Nathalie Bondil, Montreal Museum of Fine Arts’ director general

«Appreciate art with loved ones is key to the cure», says Nathalie Bondil, Montreal Museum of Fine Arts’ director general, who explains: «The neutral, beautiful, inspiring space of a museum can boost mood, improve wellbeing, and give patients a chance to explore experiences and senses outside of their illness». Bondil explains that, if the initiative is successful, it can be replicated in other museums in the world.

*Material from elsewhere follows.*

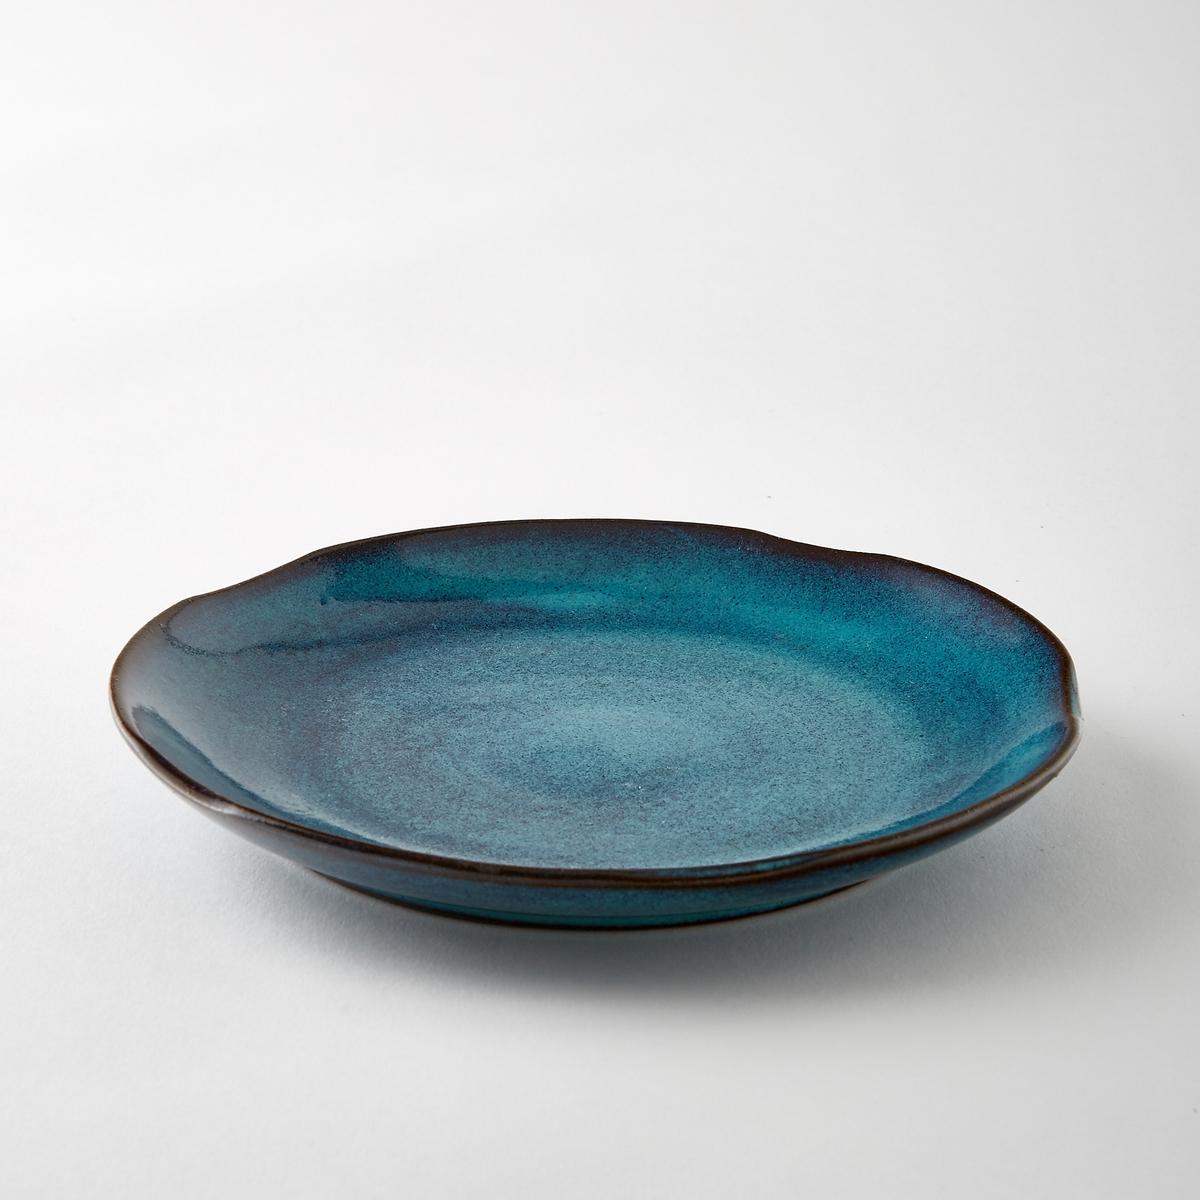 Тарелка десертная из керамики, диаметр 22 см, Aqua от SeraxХарактеристики : - Из керамики, покрытой глазурью. - Можно использовать в посудомоечных машинах и микроволновых печах- Вся коллекция Aqua на сайте ampm.ruРазмеры  : - диаметр 22 x высота 3 см.<br><br>Цвет: зеленый,синий<br>Размер: единый размер.единый размер

«It’s been 20 years since the museum has been working with the medical community in art therapy projects, but it’s the first time that doctors can prescribe art visits as cure», explains Thomas Bastien, education director at Montreal Museum of Fine Arts.

It's so rare in medicine that you prescribe something and you do not need to worry about all those side-effects or interactions with other medication

Hélène Boyer, vice-president of Médecins francophones du Canada

The prescription of the visits to the museum as complementary therapy to traditional medical treatments is a revolution: the project in Montreal is the first such initiative in the world.

«It's so rare in medicine that you prescribe something and you do not need to worry about all those side-effects or interactions with other medication», says Hélène Boyer, vice-president of Médecins francophones du Canada. Doctor Boyer also explains that, among the various benefits of art, there is also the fact that «it can cause a release of hormones, that is otherwise difficult to attain for those with chronic pain who have trouble maintaining regular physical activity».

During the course of the year the doctors will verify if there are changes in the conditions of their patients, and at the end of the pilot project, in a year, they will write a report with their own conclusions.